Difficulties evaluating the endpoints of the radius of convergence for a particular power series. I am having difficulties evaluating the endpoints of the radius of convergence for the following power series.
$$\sum_{k=0}^{\infty}\frac{(k!)^2 x^k}{(2k)!}$$
Using the ration test we get |x|<4. However, evaluating $x=4$ and $x=-4$ is proving immensely difficult. The solutions neglect this part, and my teacher is at loss. Any hints? 

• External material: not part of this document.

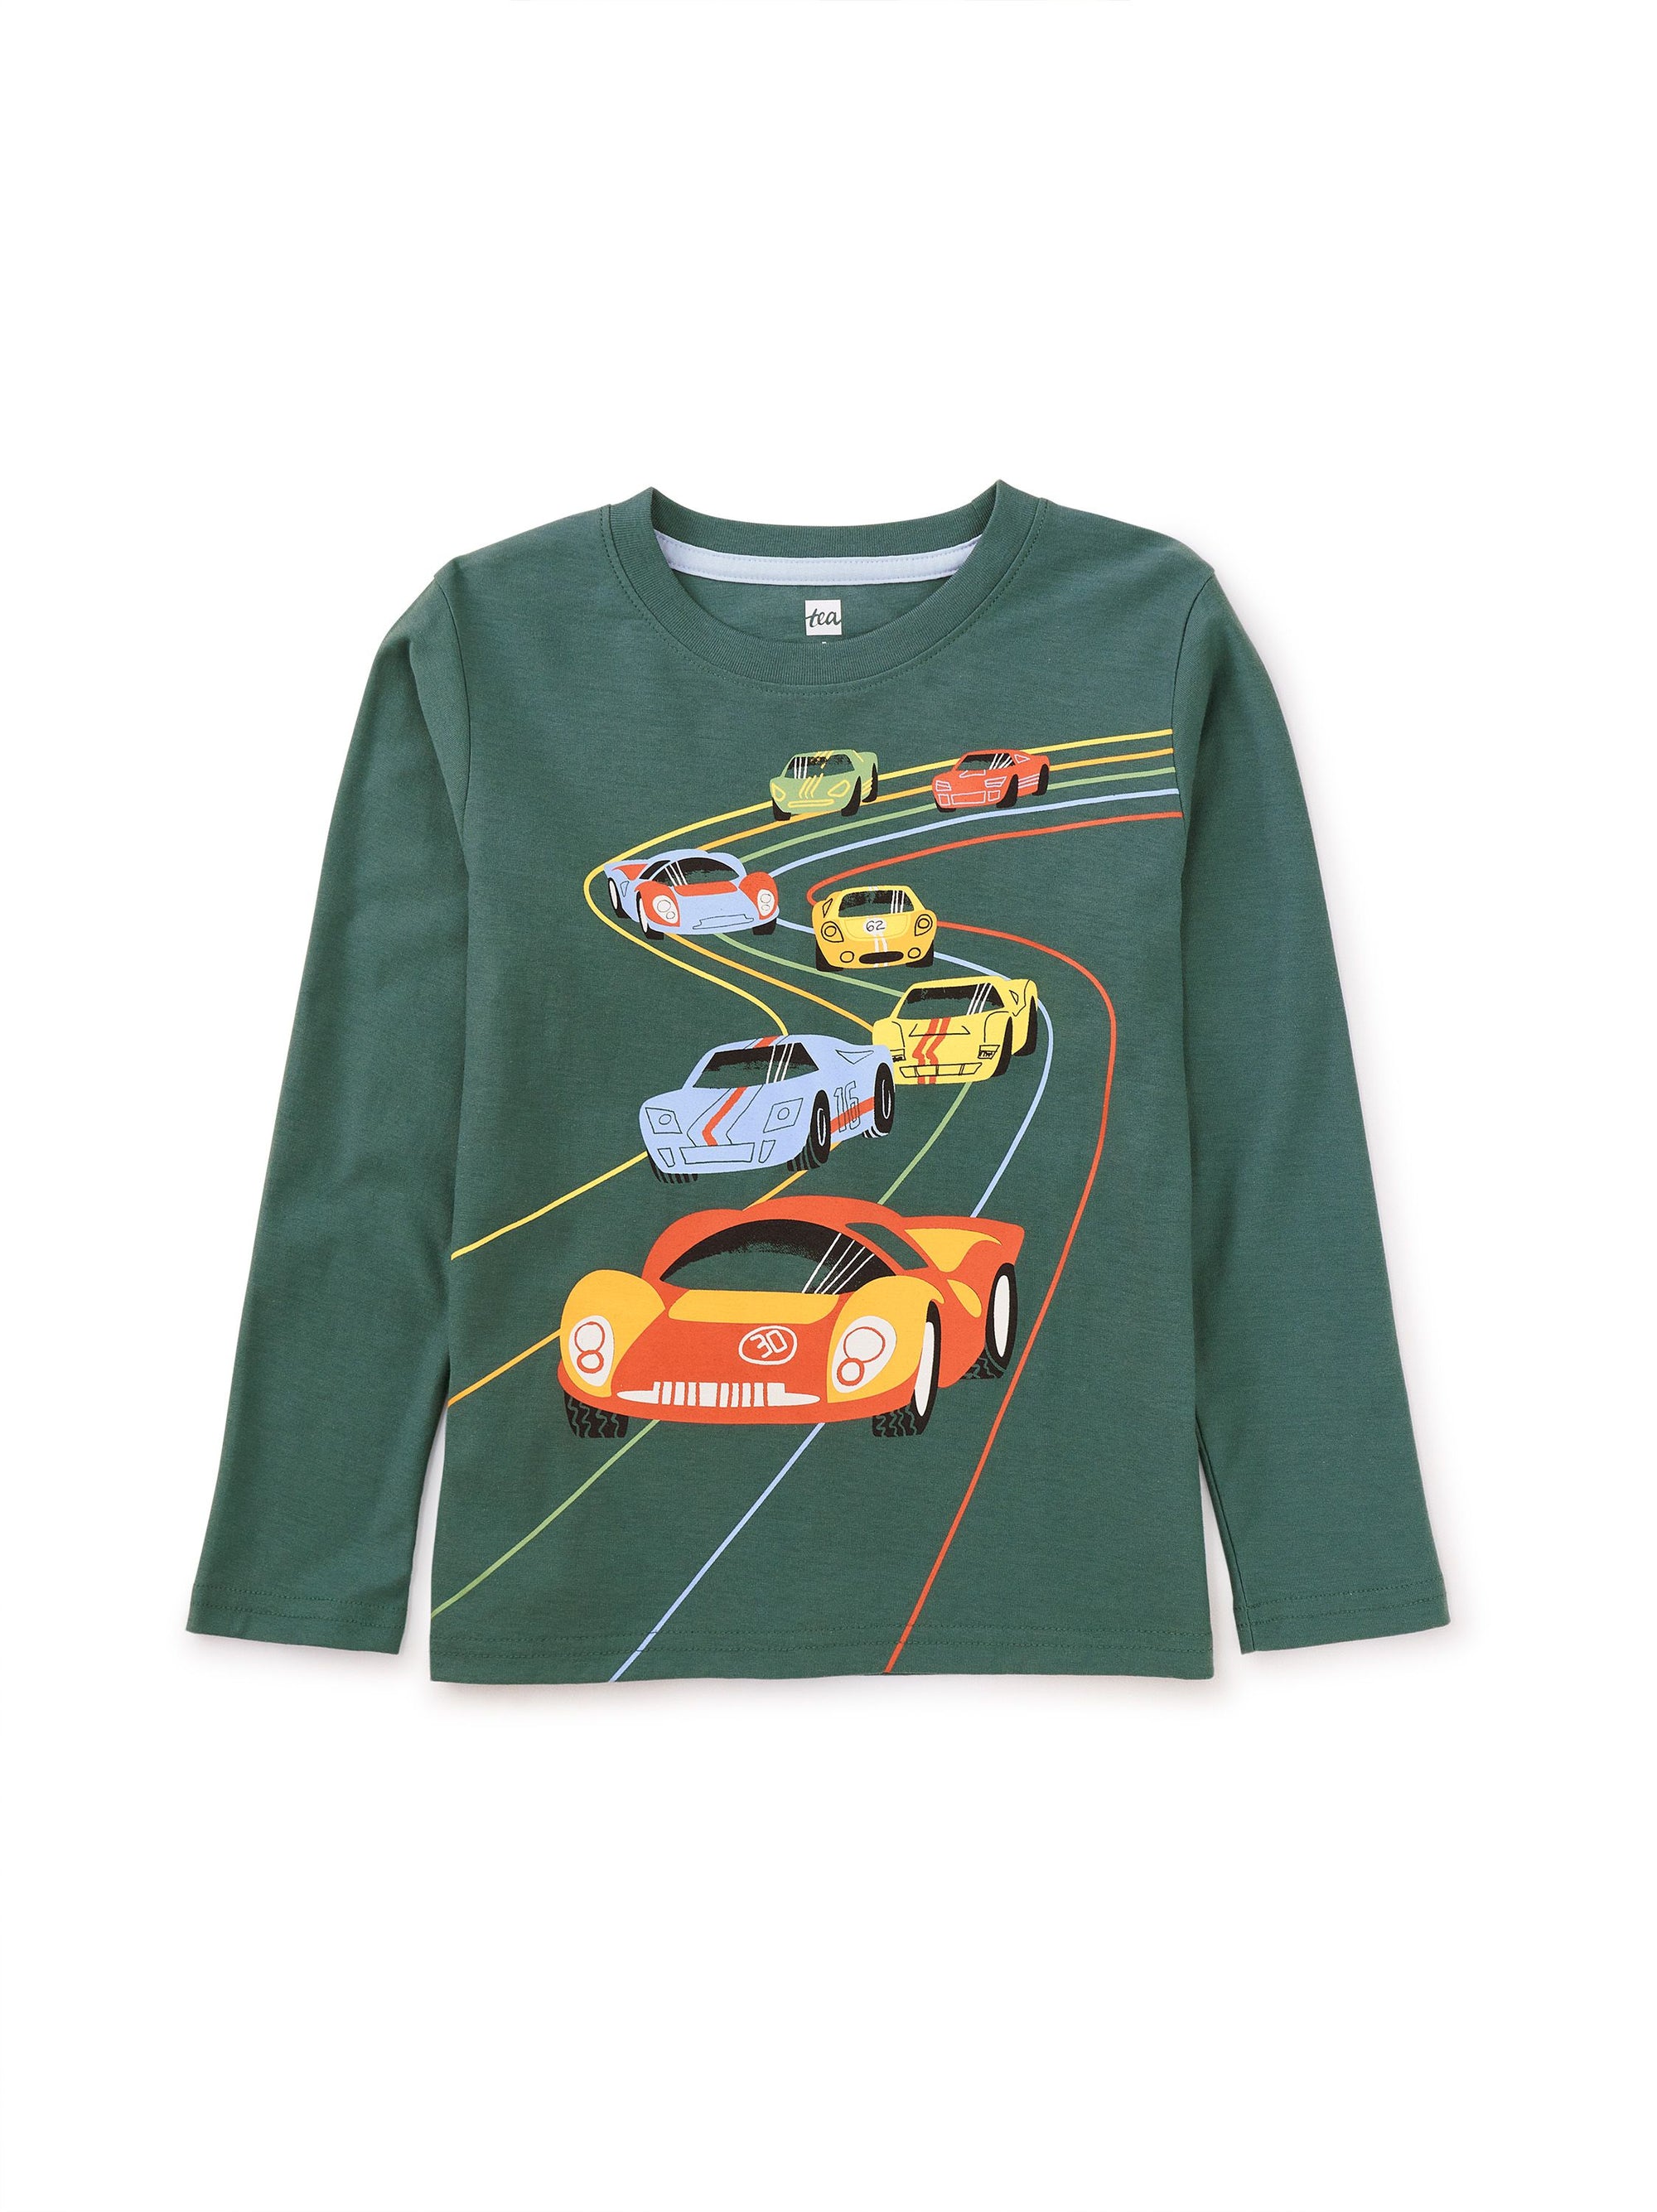 Le Mans Race Graphic Baby Tee - Silver Pine

In other words, I am having difficulty evaluating
$$\sum_{k=0}^{\infty}\frac{(k!)^2 4^k}{(2k)!}.$$
 A: Using Stirling's approximation
$$n! \sim \sqrt{2\pi n}\cdot \left(\frac{n}{e}\right)^n,$$
we obtain
$$\frac{(k!)^24^k}{(2k)!} \sim \frac{2\pi k\cdot k^{2k}e^{-2k}4^k}{\sqrt{2\pi(2k)}\cdot(2k)^{2k}e^{-2k}} = \sqrt{\pi k},$$
so the term of the series doesn't converge to $0$ for $\lvert x\rvert = 4$.
A: $\begin{align*}
a_k = \frac{(k!)^2 4^k}{(2k)!} &= \frac{(k!)^2 4^k}{(2k)(2k-1)(2k-2) \cdots 3\cdot 2 \cdot 1} \\
&=\frac{(k!)^2 4^k}{((2k)(2k-2) \cdots 4 \cdot 2)((2k-1)(2k-3) \cdots 3 \cdot 1)} \\
&=\frac{(k!)^2 4^k}{(2^k k!)((2k-1)(2k-3) \cdots 3 \cdot 1)} \\
&=\frac{k! \cdot 2^k}{(2k-1)(2k-3) \cdots 3 \cdot 1} \\
&=\frac{k! \cdot 2^k}{2\cdot(k-\frac{1}{2})\cdot 2\cdot(k-\frac{3}{2}) \cdots 2\cdot(\frac{3}{2}) \cdot 2\cdot \frac{1}{2}} \\
&=\frac{k! \cdot 2^k}{2^k(k-\frac{1}{2})(k-\frac{3}{2}) \cdots \cdot(\frac{3}{2}) (\frac{1}{2})} \\
&= \left( \frac{k}{k-\frac{1}{2}}\right)\left( \frac{k-1}{k-\frac{3}{2}}\right) \cdots \left(\frac{2}{\frac{3}{2}}\right)\left(\frac{1}{\frac{1}{2}}\right)\\
&\geq 1 \cdot 1 \cdots 1 \cdot 1 \\
&=1
\end{align*}$
When $x = 4$, $a_k\geq 1$, so $\displaystyle \lim_{k \rightarrow \infty} a_k \neq 0$, and the series diverges. Similarly true when $x=-4$.